毎年行われており、今年は感染症対策のため一般傍聴はなく、ニコニコ生放送やYoutube上で見ることができます。
レビューのスケジュールは以下の通りです。
こうした取り組みは、事業がきちんと行われているか、また税金の無駄遣いがされていないかを一般に知ることができる良い機会だと思います。
同時に、政府側からすれば有識者からの突っ込みに耐えうるだけの理論武装をする必要があるため、国会議員に追及された場合に備えた練習となったり、国民の認知度が低い事業の広報の場として活用することもできるでしょう。
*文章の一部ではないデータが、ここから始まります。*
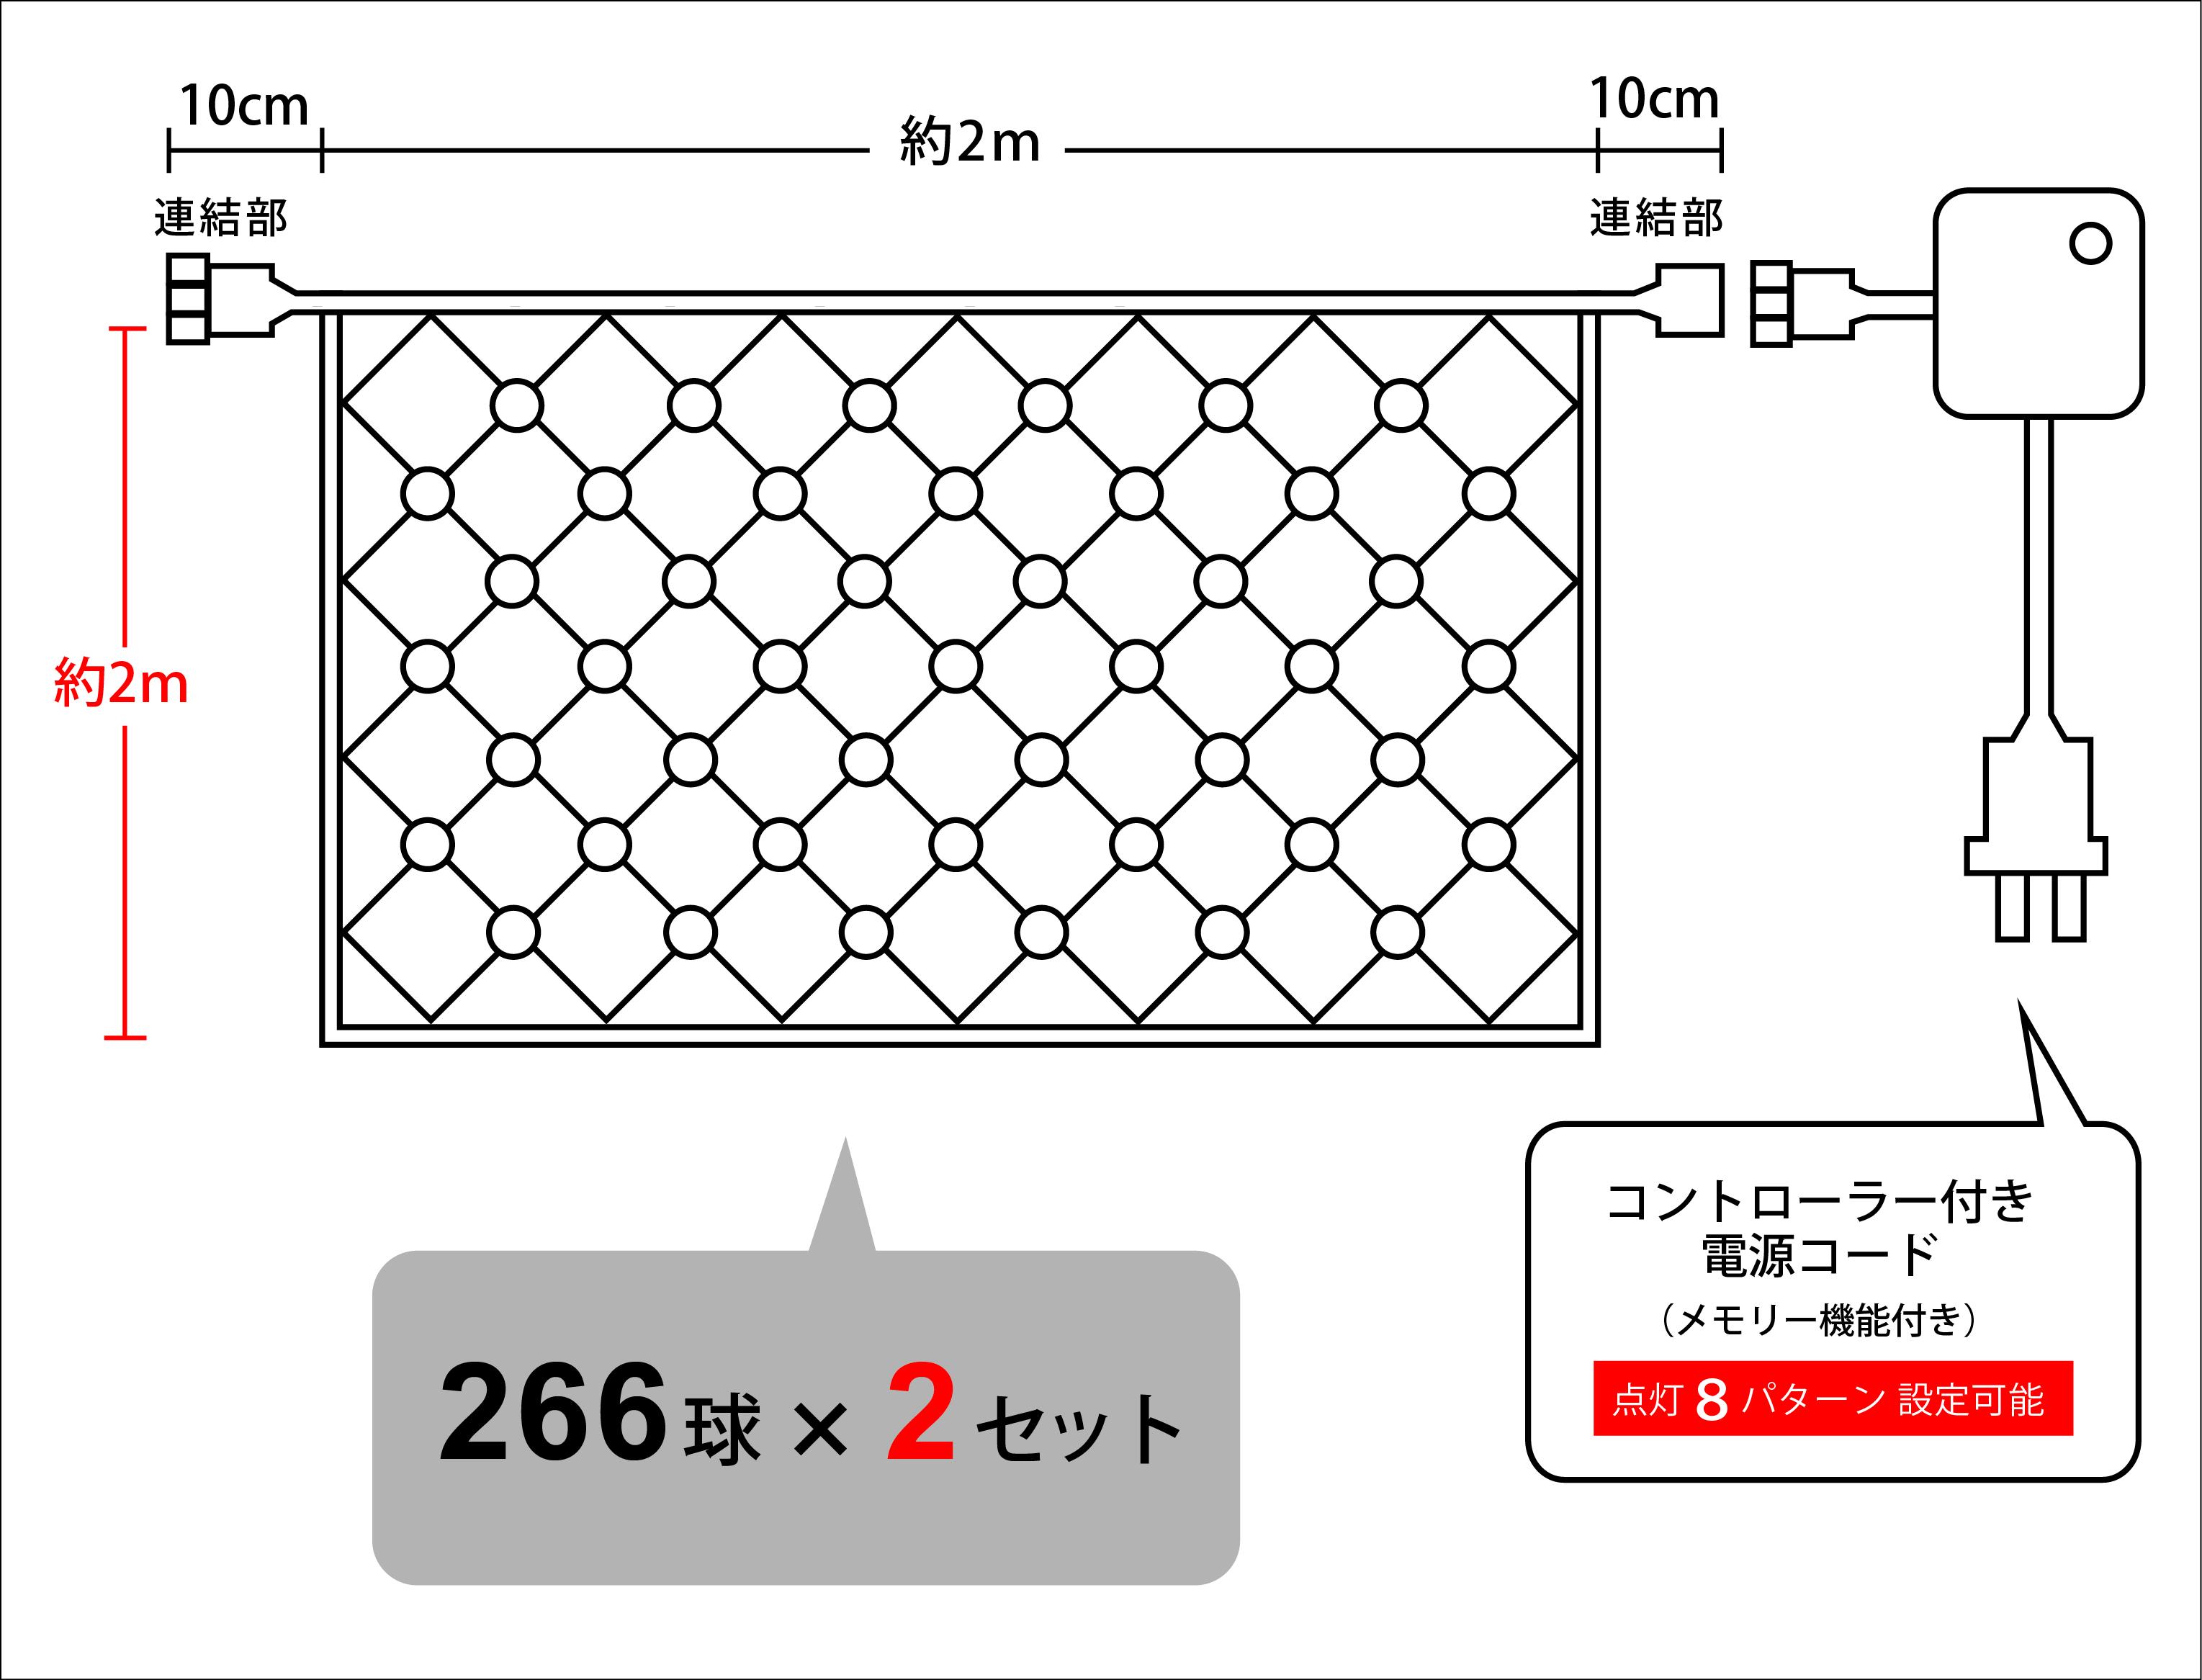 イルミネーションネットライトHV 設計図

一方、行政を評価する仕組みとしては他にもいくつかあり、例えば公正取引委員会は毎年各省の決算を点検し、総理に検査結果を提出しています。
▼公正取引委員会の検査についてはこちら
また総務省の行政評価局では政策評価が行われており、効果的・効率的な行政の推進を目的として制度が運用されています。
歴史的には公正取引委員会が戦後に生まれ最も古く、総務省の前身である総務庁、さらにその前身である行政管理庁も同様に戦後新設されていますが、今のような政策評価制度が行われるようになったのは平成14年からです。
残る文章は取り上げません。